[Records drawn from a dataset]
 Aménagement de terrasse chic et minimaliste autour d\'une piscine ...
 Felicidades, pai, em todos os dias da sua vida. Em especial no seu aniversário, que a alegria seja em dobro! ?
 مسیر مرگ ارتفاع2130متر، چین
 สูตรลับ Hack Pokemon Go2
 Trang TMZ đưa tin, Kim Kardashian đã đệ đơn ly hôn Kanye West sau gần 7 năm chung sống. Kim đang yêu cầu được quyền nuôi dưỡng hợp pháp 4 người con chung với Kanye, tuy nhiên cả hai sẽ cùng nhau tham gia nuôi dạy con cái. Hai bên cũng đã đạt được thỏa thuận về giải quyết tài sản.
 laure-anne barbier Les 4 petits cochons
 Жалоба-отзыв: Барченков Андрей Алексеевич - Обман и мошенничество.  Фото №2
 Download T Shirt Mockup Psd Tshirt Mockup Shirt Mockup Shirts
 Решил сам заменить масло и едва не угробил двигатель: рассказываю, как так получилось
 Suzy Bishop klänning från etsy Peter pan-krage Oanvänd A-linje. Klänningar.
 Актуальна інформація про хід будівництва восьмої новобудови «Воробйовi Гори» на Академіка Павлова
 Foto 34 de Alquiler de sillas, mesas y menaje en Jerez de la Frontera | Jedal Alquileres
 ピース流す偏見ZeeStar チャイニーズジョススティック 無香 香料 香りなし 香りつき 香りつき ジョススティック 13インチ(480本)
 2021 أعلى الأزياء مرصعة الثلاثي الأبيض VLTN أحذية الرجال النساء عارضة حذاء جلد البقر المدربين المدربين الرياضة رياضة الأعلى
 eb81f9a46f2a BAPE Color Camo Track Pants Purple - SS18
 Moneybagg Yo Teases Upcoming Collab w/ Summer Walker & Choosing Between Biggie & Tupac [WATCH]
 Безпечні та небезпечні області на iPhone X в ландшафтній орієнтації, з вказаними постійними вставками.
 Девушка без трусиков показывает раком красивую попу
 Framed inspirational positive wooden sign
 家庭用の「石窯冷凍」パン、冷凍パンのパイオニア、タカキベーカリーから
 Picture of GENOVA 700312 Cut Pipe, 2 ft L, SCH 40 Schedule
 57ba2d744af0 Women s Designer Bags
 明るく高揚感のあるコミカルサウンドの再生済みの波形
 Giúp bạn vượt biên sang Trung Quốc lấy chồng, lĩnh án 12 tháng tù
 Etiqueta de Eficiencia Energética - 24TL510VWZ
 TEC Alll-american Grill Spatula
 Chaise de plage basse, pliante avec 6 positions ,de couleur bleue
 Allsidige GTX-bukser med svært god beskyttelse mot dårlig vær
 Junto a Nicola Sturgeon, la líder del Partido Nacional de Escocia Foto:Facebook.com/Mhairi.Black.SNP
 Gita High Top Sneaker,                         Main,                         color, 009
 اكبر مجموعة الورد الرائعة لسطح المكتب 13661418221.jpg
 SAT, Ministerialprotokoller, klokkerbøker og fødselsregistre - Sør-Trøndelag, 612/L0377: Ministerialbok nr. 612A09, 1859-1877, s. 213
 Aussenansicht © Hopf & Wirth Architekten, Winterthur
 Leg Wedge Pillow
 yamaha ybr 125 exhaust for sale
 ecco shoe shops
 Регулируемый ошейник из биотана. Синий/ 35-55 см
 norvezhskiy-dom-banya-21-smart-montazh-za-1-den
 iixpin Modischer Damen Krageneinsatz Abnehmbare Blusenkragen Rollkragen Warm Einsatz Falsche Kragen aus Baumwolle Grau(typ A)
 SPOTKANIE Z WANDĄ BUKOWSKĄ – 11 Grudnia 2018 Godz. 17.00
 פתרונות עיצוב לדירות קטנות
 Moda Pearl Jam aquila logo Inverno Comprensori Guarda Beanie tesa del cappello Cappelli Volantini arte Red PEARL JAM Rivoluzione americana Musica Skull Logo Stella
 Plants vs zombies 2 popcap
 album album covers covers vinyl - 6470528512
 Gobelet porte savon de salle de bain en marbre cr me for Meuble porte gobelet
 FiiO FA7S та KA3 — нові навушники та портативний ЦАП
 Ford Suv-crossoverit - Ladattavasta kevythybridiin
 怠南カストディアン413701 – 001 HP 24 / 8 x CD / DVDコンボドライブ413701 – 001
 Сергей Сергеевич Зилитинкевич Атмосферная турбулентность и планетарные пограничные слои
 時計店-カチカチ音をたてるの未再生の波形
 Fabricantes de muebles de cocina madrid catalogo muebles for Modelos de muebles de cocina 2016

# Activity
From the records above, print only the lines between the one holding "Актуальна інформація про" and the one holding "明るく高揚感のあるコミカルサウンドの再生済みの波形", inclusive, exactly as they stand.

# Exercise answer
 Актуальна інформація про хід будівництва восьмої новобудови «Воробйовi Гори» на Академіка Павлова
 Foto 34 de Alquiler de sillas, mesas y menaje en Jerez de la Frontera | Jedal Alquileres
 ピース流す偏見ZeeStar チャイニーズジョススティック 無香 香料 香りなし 香りつき 香りつき ジョススティック 13インチ(480本)
 2021 أعلى الأزياء مرصعة الثلاثي الأبيض VLTN أحذية الرجال النساء عارضة حذاء جلد البقر المدربين المدربين الرياضة رياضة الأعلى
 eb81f9a46f2a BAPE Color Camo Track Pants Purple - SS18
 Moneybagg Yo Teases Upcoming Collab w/ Summer Walker & Choosing Between Biggie & Tupac [WATCH]
 Безпечні та небезпечні області на iPhone X в ландшафтній орієнтації, з вказаними постійними вставками.
 Девушка без трусиков показывает раком красивую попу
 Framed inspirational positive wooden sign
 家庭用の「石窯冷凍」パン、冷凍パンのパイオニア、タカキベーカリーから
 Picture of GENOVA 700312 Cut Pipe, 2 ft L, SCH 40 Schedule
 57ba2d744af0 Women s Designer Bags
 明るく高揚感のあるコミカルサウンドの再生済みの波形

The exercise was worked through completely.